Learn about Serious Eats' Editorial Process
Updated August 30, 2018
20110416-147663-planked-whitefish-with-cilantro-lime-butter.jpg

I'm making strides at becoming a seafood eater. If it's fried, I'll most likely at least try it, but I want to step it up and eat fish not just because it has a golden crunchy crust, but because it's fish.

The next step to achieving this was making a mild flavored fish, planked, and mixed with other flavors that I knew I already liked—that's where this recipe for a cedar planked whitefish with cilantro-lime butter came in. Any mild, flaky whitefish will do; my fishmonger had fresh flounder. Coming from a grilling mindset, I thought about rubs, and what would match well with wood flavor from planking—I opted for a cedar plank.

Once the fish was opaque and started to flake, after about 20 minutes over an indirect, medium heat, I slathered on a tasty compound butter of cilantro, serrano chile, and lime.
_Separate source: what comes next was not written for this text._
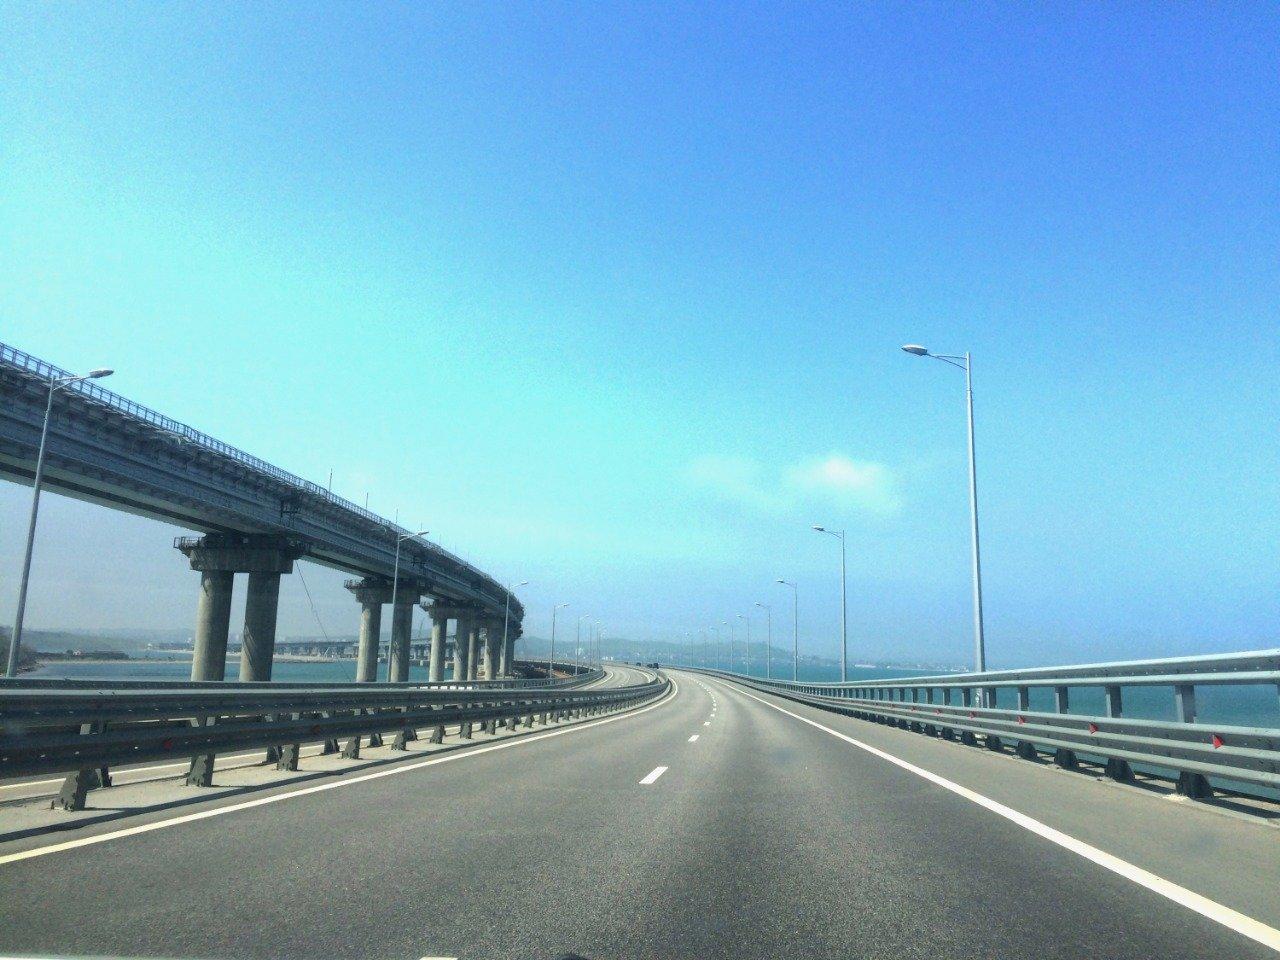 По Крыму с ветерком: впечатления от новой автомобильной трассы Таврида. Стоило оно того?

All of my inclinations here were right on. While both the woody flavor of the plank and butter were excellent additions, they only complemented and didn't mask the fish. It's a great way to enjoy fish, particularly for seafood eaters in training.

Recipe Details

Planked Whitefish With Cilantro-Lime Butter Recipe

Active 20 mins
Total 45 mins
Serves 4 servings

Ingredients

  • 2 large or 4 medium fillets of a mild whitefish, such as haddock, flounder, or cod

  • 1 teaspoon kosher salt

  • 1 teaspoon chili powder

  • 1/2 teaspoon freshly ground black pepper

For the Cilantro-Lime Butter:

  • 8 tablespoons butter, softened

  • 2 tablespoons finely chopped fresh cilantro

  • 1 medium serrano chile, seeded and finely minced

  • 1 tablespoon lime juice

  • Zest of 1 lime

Directions

  1. Soak cedar planks for 1 hour prior to use.

    In a small bowl, combine butter, serrano chile, cilantro, lime juice, and lime zest. Set aside.

  2. In another small bowl mix together salt, chili powder, and black pepper. Season both sides of fish with seasoning mixture.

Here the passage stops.